Hannah Sterling helps a student during a Project L.E.A.P. workshop. The nonprofit, which Sterling started last year, offers ballet classes to kids who might otherwise have been unable to afford them. The first class was last September and now has about 50 pupils each week.
Courtesy of Project L.E.A.P.

One Summit County resident is used to taking the stage as a professional ballerina, but she hopes to hit center stage for a different reason Saturday while competing to be the next Miss Utah.

Hannah Sterling took a step back from dancing with Salt Lake City’s Ballet West last year and when her aunt heard that, she said Sterling should try her hand at pageants.

Sterling was initially unconvinced.

“There’s no way after doing a professional dance career I’m going to do another competition,” Sterling recalled with a laugh.

But after seeing the Miss Lehi Scholarship Competition in person, she thought, “Oh, my gosh, these women doing this competition are such go-getters, so strong and independent. …

“It was like Elle Woods waking up and saying, ‘I’m going to law school.’ I woke up and said, ‘I’m going to do a pageant.’”

While Sterling was diving into a new passion, she was also working on a project that is close to her heart and had long been on her mind: connecting ballet classes to kids who might not be able to otherwise afford them.

She started a nonprofit last year called Project L.E.A.P., which has grown enough to require two classes every Saturday in space donated by Creative Arts Academy in Bountiful.

She said she started thinking about the idea before she was a professional dancer when she was doing outreach shows in her hometown of Philadelphia. She and her classmates would drop in and teach kids a few steps, but she knew the kids wouldn’t be able to afford more instruction.

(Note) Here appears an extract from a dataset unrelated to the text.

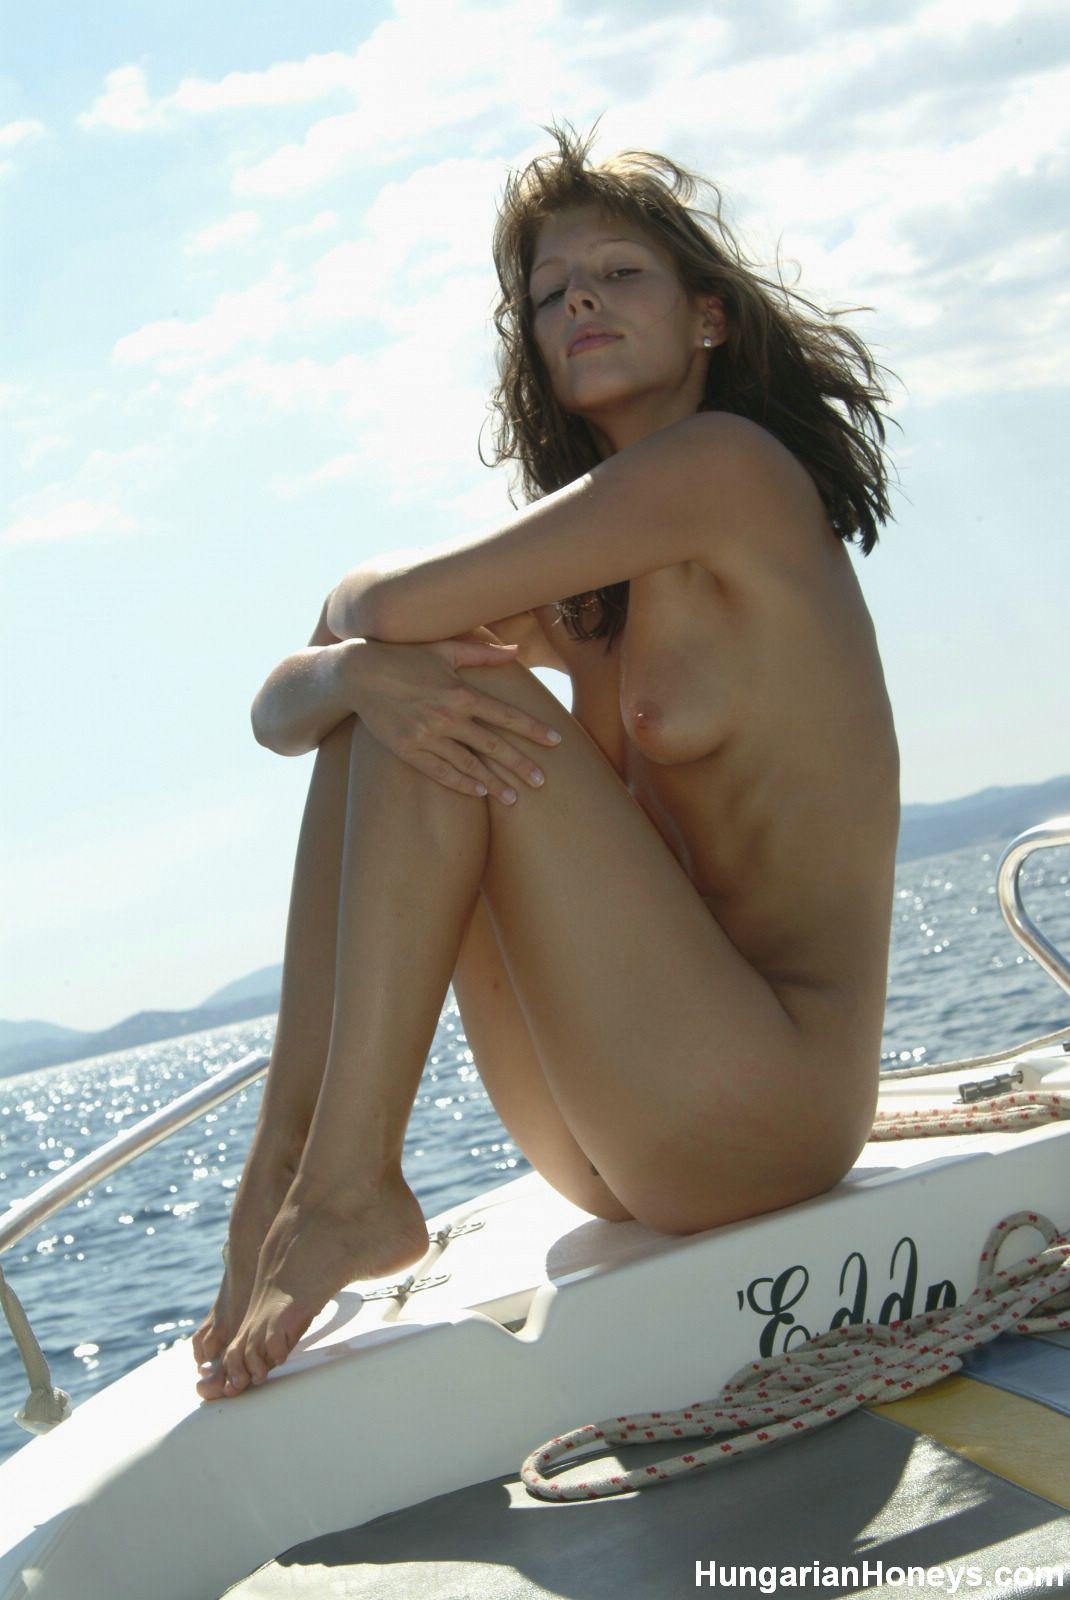 Petite women naked pics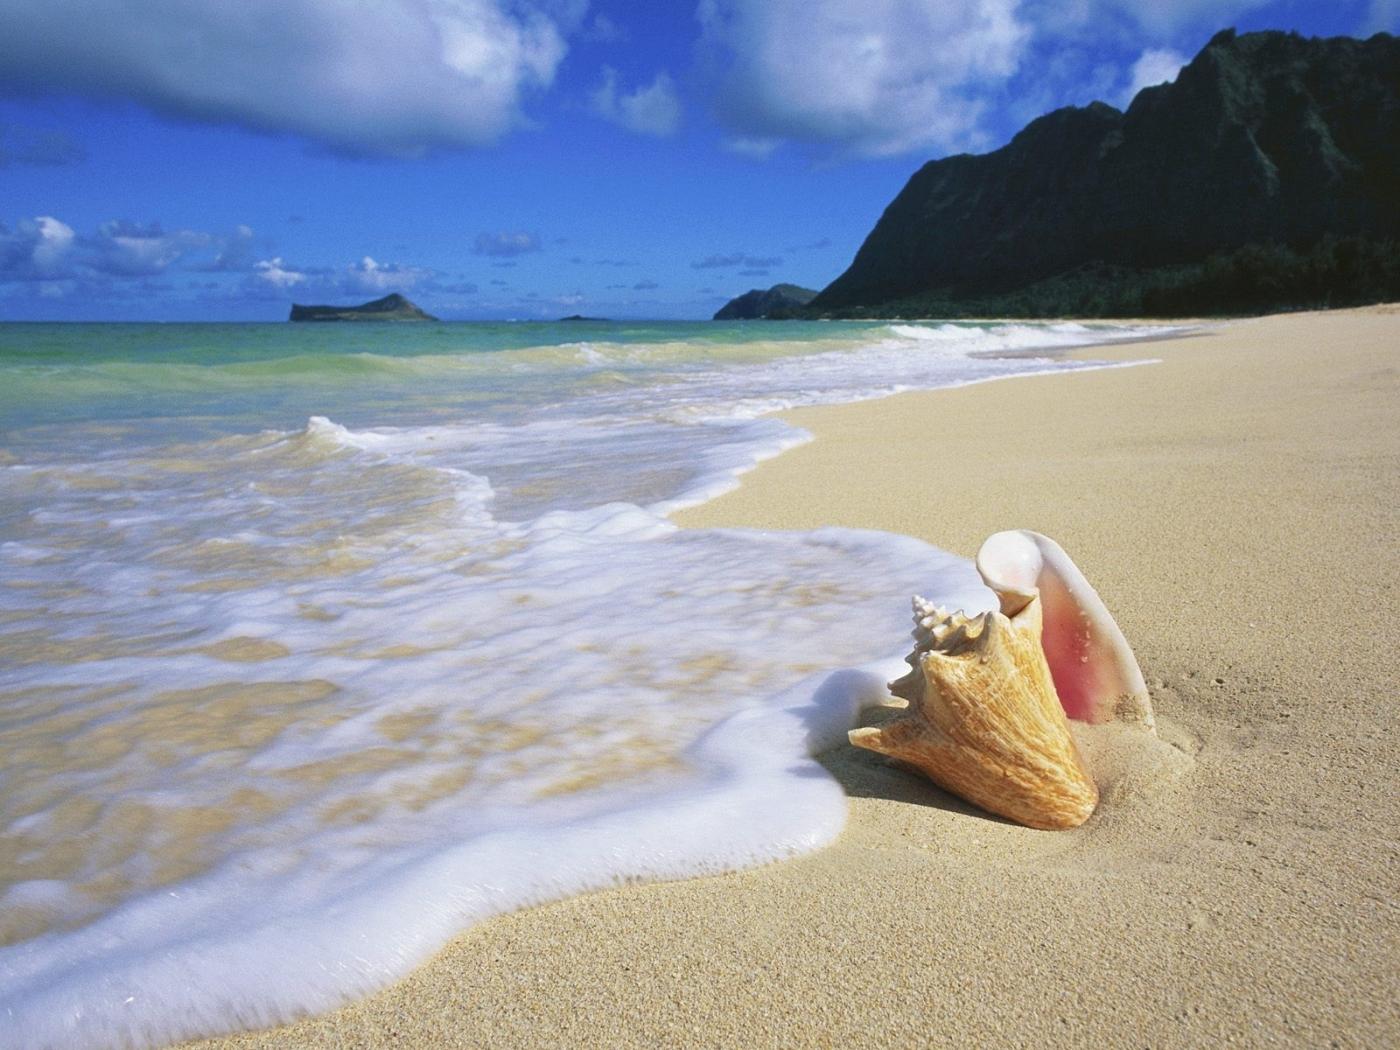 26909 免費下載壁紙 景观, 海, 海滩, 壳 屏保和圖片

The point hit home when she was on tour with Ballet West in Snowflake, Arizona.

“A little girl came up to me, her name was Emily, she had tears in her eyes and told me, ‘I want to dance just like you, can you please teach me?’” Sterling said. “How do you tell a girl I have to go back to Utah, I can’t teach you?”

Project L.E.A.P. teaches about 50 kids each week, broken up into two classes, one for kids 6 years and under, and another for dancers age 7 and up. Before the first class last September, Sterling said it was nerve-wracking waiting to see if anybody would show up.

She put flyers at the food pantry, library and super market, and put some ads online. She was happy to see seven kids walk through the doors for the first class, and said the growth from there “has just been amazing.”

Sterling touts the hard work, discipline and respect she learned from dancing and described how rewarding it was to see one student progress from not being able to tell left from right to being the first one to volunteer to lead the group in a new exercise.

She hopes to grow the project across the state and the country, but right now the project is on summer holiday as its founder competes to be the next Miss America.

Sterling, 24, is Miss Timpanogos 2019, the same title Jesse Craig had before she won Miss Utah last year. Sterling is one of 53 candidates vying for the title, a $10,000 scholarship and the chance to represent the Beehive State on the national stage.

She’s been rehearsing a dance for the talent portion of the event, which accounts for 50 percent of the final score. It will be set to the Coldplay song “Viva la Vida” as performed by violinist David Garrett. This is the first year the event will not include a swimsuit competition.

The field will be winnowed to a dozen finalists for the Saturday show, with one being selected by fan voting.

Sterling said competing in beauty pageants can be “cutthroat,” and the competitors generally do not know each other. She said her strategy is to avoid distractions to make sure she maintains focus before going on stage. It’s different than being part of a dance company, which while competitive in its own right, can be like a family.

She relies on some former colleagues from the company to help teach classes for Project L.E.A.P. and she said she’s had support from nearly everyone she’s approached about the idea.

“They all want to give back; if you have a talent, you want to share it,” Sterling said. “If you know something at a really good level, to pass that on, that’s priceless. What good is that talent if it’s all bottled up?”